MS2 will introduce an interdisciplinary concept on the mediality of AI based chatbots and synthetic voices called “Invisible embodiment”. This concept will extend applied anthropomorphism on a speech-based level for analyzing the role of synthetic voice modalities for voice-based HMI. Furthermore, the anthology “Media Voice, Presence and Liveness” with a focus on the socio-historical meaning of artificial and synthetic voices e.g. talking puppets, voice-body interrelation, meaning of the voice as the first medium to communicate and to hear, audio related Uncanny Valley effect (aUV) will be published. Depending on the findings from MS1 the performance capture methods and the synthetic voice parameters will be adjusted. By analyzing the data from MS1 and the rule-based chatbots modalities we will adjust the study framework in order to check the rule compliances from CL2, TS2 during the performance. We will modify the synthetic voice datasets in order to customize the voice - chatbot dataset appearances according to the findings of year 1.

Output: qualitative research framework for deepening theoretical concepts on the mediality of AI, theoretical concept of "Invisible embodiment" for embedding the aUV, 2D and 3D performance capturing, publication of the anthology on "Media Voice, Presence and Liveness".

Year 3: Refining the social bot: Facets of being human

MS3 will focus on the voice-related Uncanny Valley effect and the impact of social cues on the audience’s perception of presence on stage. For exploring the limitations of the “invisible embodiment” concept and for deepening the analytical aspects regarding the perception of AI-based HMI we will pursue a strong focus on social cues, voice pitch, speed, and the sound space in our interviews. These synthetic voice-based modalities will be further analyzed for exploring gender-based perception biases of synthetic voices. In order to facilitate science communication discussions about the ethical limitations of voice-based AI interactions we will also focus on comparing the vocal scopes of natural and synthetical voices in our performance settings. The datasets for TTS and its spatial arrangements on the stage and during performance capturing will be adjusted and incorporated into the performance. For science communication reasons there will be expert interviews conducted and the captured performances from year 1, 2, and 3 placed as juxtapositions. Furthermore, the final publication on the whole research project will be conceptualized and initiated by MS.

Output: Theoretical concepts on synthetic voice by incorporating modifications of voice perception, adjustments of TTS and synthetic voice frameworks for HMI, 2D and 3D performance capturing, concept for project publication.

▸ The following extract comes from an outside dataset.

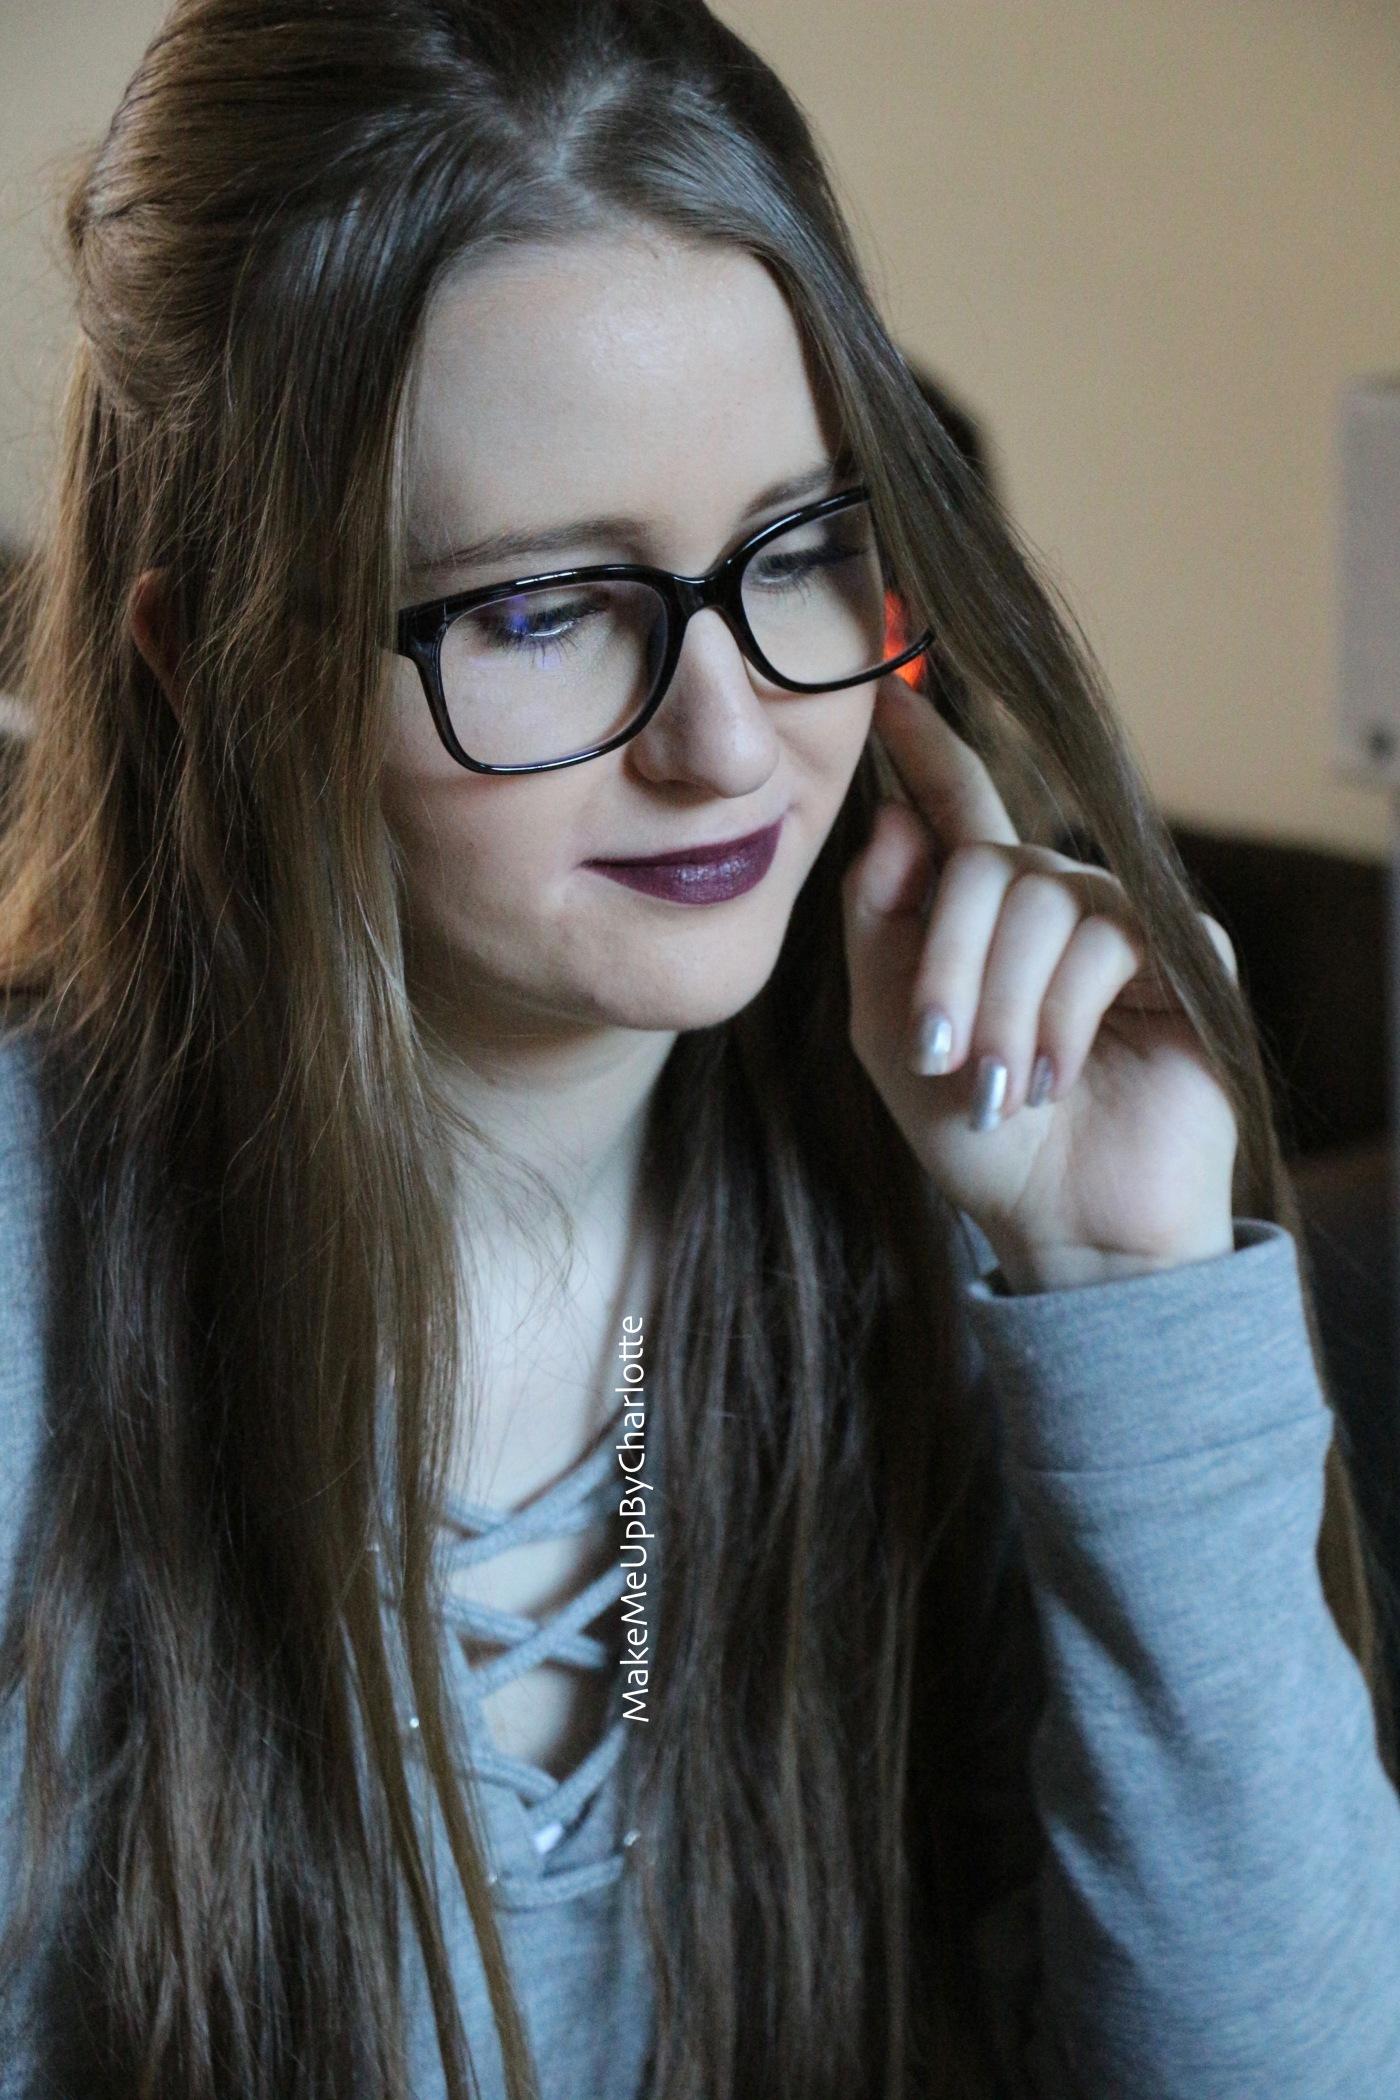 les lunettes contre les maux de t te et la fatigue l ordi concours makemeupbycharlotte. Black Bedroom Furniture Sets. Home Design Ideas
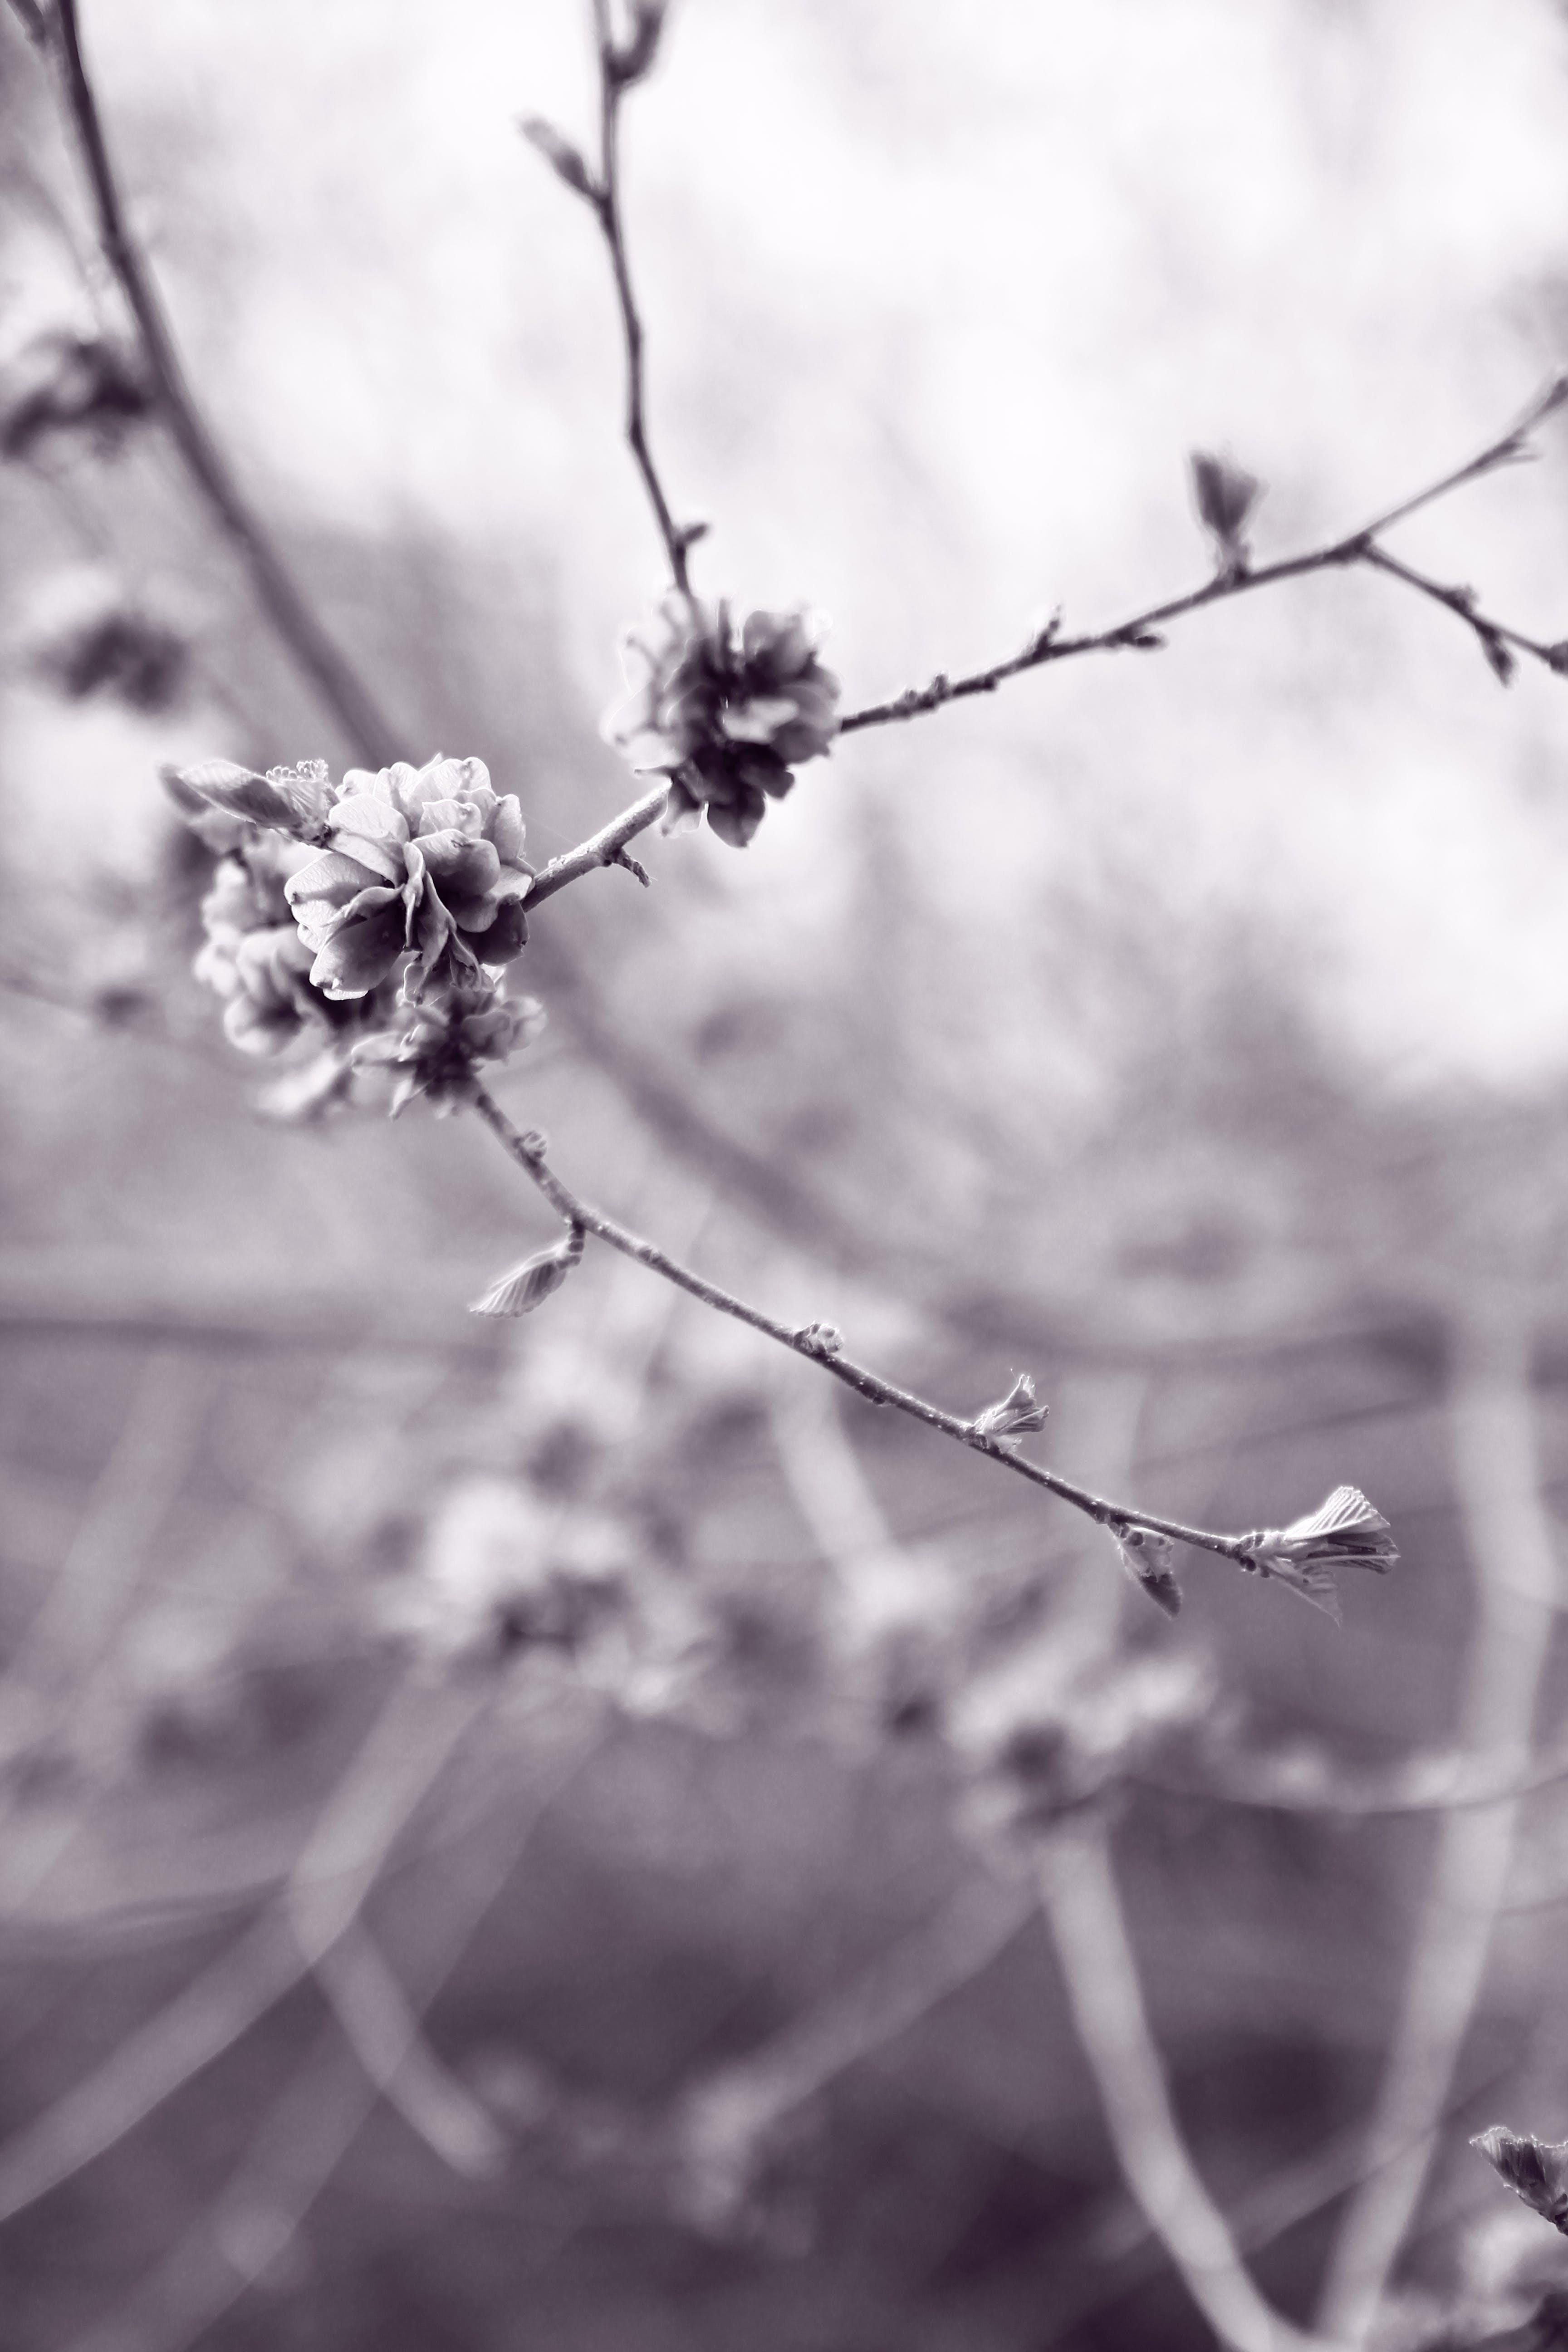 Δωρεάν στοκ φωτογραφιών με άνθη, βλαστάρια, εστιάζω, Καναδάς

Year 4: Co-evolution with social bots: projections, needs and affordances

MS4 will deepen the role of social cues and the limits of voice anthropomorphism for the final project publication. After finalizing the data acquisition, interdependencies from TS, CL, PSY and MS will be brought together and published in the final project publication. Furthermore, there will be a practice-based PhD thesis on the topic of „Creative Artificial Intelligence on Stage” completed which will sum up and present the potential of staging voice-based human-AI encounters using hermeneutics as a qualitative research approach.

Output: Contribution to project publication, dissertation.